In a study published online by JAMA and presented at ATS 2016, May Clinic researchers evaluated the efficacy and safety of early aspirin administration for the prevention of acute respiratory distress syndrome (ARDS).
Acute respiratory distress syndrome remains a life-threatening critical care syndrome. The median time to onset of ARDS is 2 days after hospital presentation. The period between hospital presentation and development of ARDS presents a brief window for possible prevention. ARDS is viewed as an inflammatory condition. Observational studies have suggested a potential preventive role for antiplatelet therapy in patients at high risk for ARDS.

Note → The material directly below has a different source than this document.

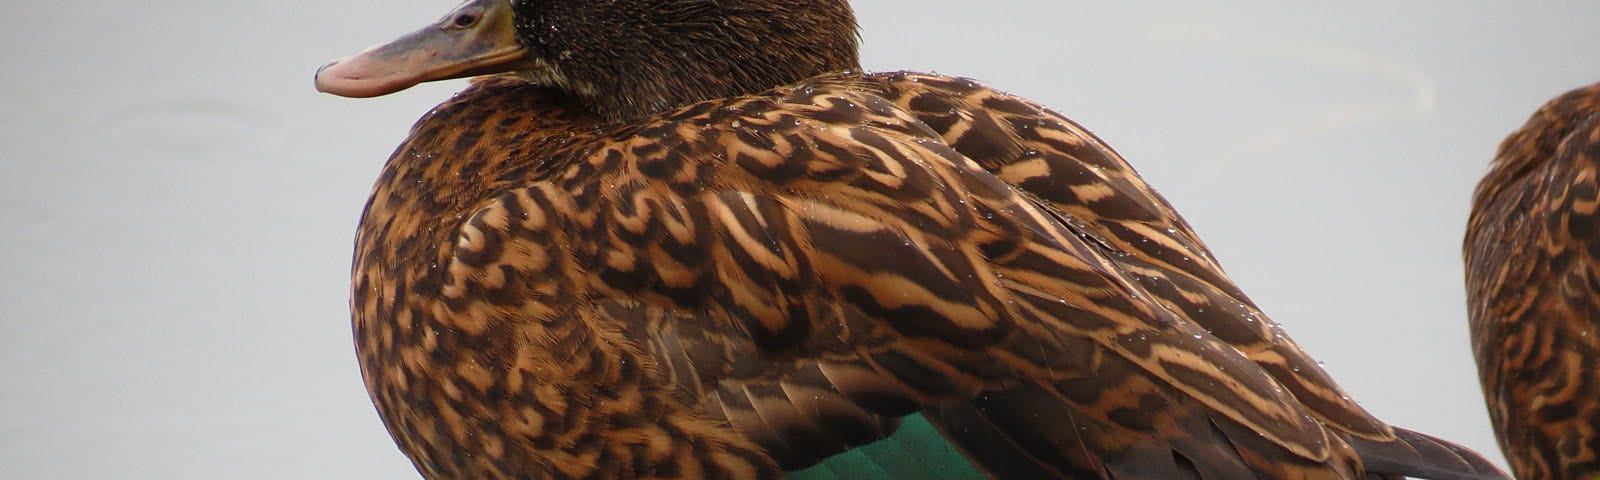 Side-view of a koloa pōhaka (Laysan duck).

Daryl J. Kor, MD, MSc, of the Mayo Clinic, Rochester, Minn, and colleagues randomly assigned patients at risk for ARDS (based on a lung injury prediction score) administration of aspirin (n = 195) or placebo (n = 195) within 24 hours of emergency department presentation and continued to hospital day 7, discharge, or death. The study was conducted at 16 US academic hospitals.
The researchers found that the administration of aspirin, compared with placebo, did not significantly reduce the incidence of ARDS at 7 days (20 patients [10.3%] in the aspirin group vs 17 patients [8.7%] in the placebo group). No significant differences were seen in secondary outcomes or adverse events, such as ventilator-free days, hospital and intensive care unit length of stay, 28-day and 1-year survival.
“The findings of this phase 2b trial do not support continuation to a larger phase 3 trial,” the authors wrote.